President Obama’s decision to halt construction of the Keystone tar sands pipeline has not stopped plans for segment passing through East Texas. And KERA’s Shelley Kofler reports a group of landowners has organized to fight back.
Julia Trigg Crawford owns a 600-acre farm outside of Paris, near the Oklahoma border.
She says TransCanada approached her about four years ago saying her property was on the proposed route for the 1900-mile Keystone pipeline that would carry tar sands oil from Alberta, Canada to the Texas Gulf. TransCanada wanted to buy an easement through Crawford’s property. When she objected the company condemned her property. Now Crawford is fighting the condemnation in court claiming TransCanada doesn’t meet the criteria for using eminent domain.
Crawford: We are also asking, “What are you piping through this thing? How are you complying with the Texas Natural Resources Code which doesn’t even list the product they’re piping through as one of products you can haul. I’m also saying they’re not complying with the Texas Antiquities Code because of the Caddoan artifacts on my place.
On Monday, Crawford and a group of landowners held press conferences across Texas opposing TransCanada’s continuation of the project. Former gubernatorial candidate Debra Medina has joined the effort. So has former Dish Mayor Calvin Tillman who says the property condemnation in these cases is just like what happens when natural gas companies want to lay their pipelines.

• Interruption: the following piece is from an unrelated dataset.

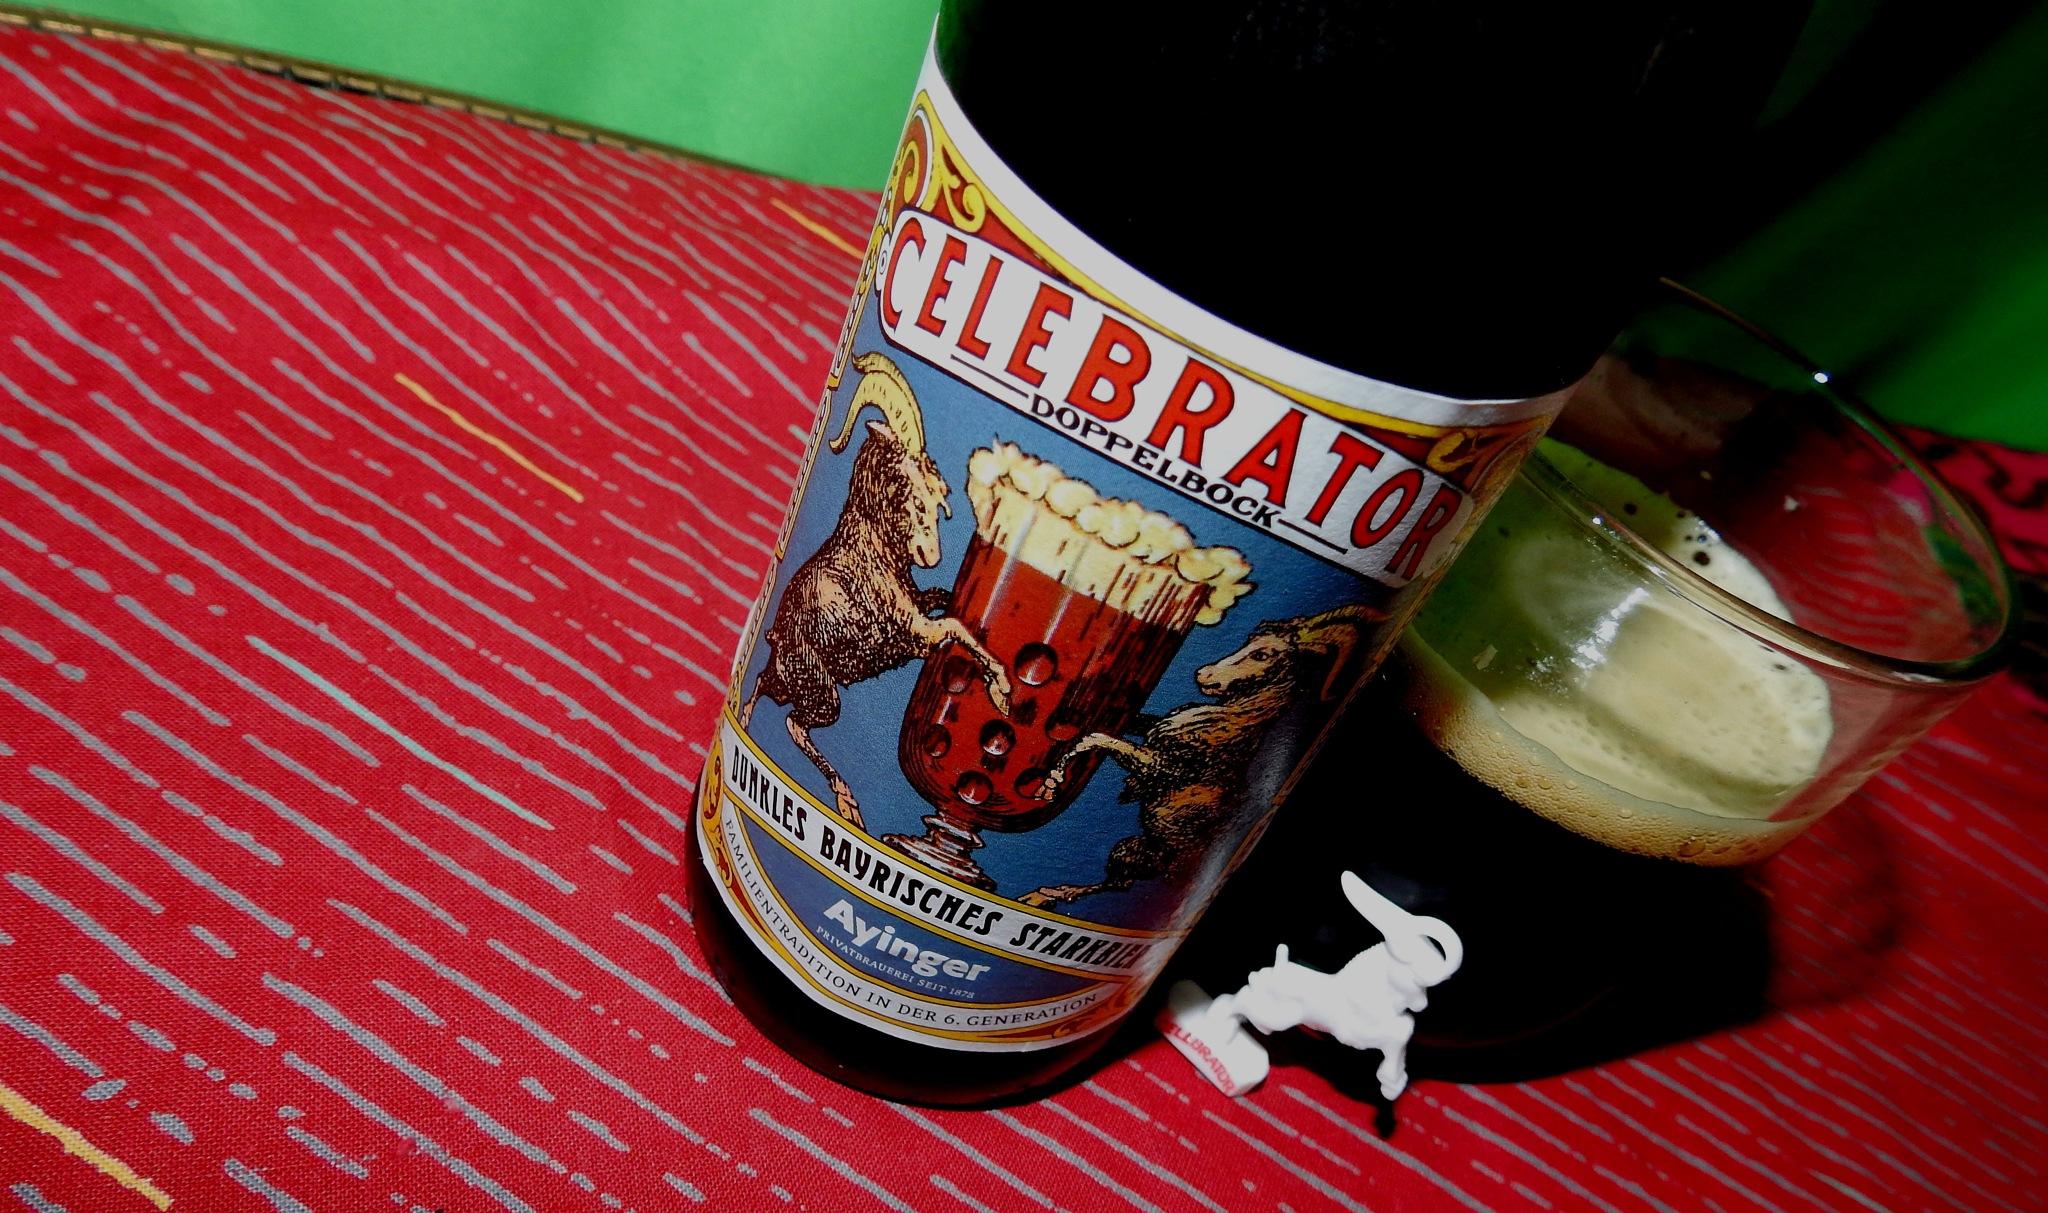 German Beer - Celebrator - Dunkles Bayrisches Starkbier - 6,7° - Ayinger - Aying Germany - 2 by Arnaldo De Lisio

Eleanor Fairchild, another land owner near Winnsboro, voiced a common concern. She says so much pressure is needed to push thick, sticky tar sands oil through the pipeline that it’s more vulnerable to leaks.
Fairchild: It is dirty stuff. It’s scary to me they would want to put it in a pipe that’s less than a half inch thick and put it under 1500 pounds of pressure.
TransCanada confirms it is moving forward with the condemnation of Texas land where the owners won’t agree to a settlement.
TransCanada’s Shawn Howard says the Texas Railroad Commission gives them the authority to do that.
Howard: It’s treated like a utility. The need for this product is clearly demonstrated. We are following the rules that are established in Texas and other states to the letter. This will operate at a degree of safety that is much higher than any of the current pipelines in operation today.
Pipeline opponents say these eminent domain court cases have the potential to overturn state law by determining whether the condemnation process is fair, and whether pipeline companies qualify as “common carriers” with the authority to seize personal property.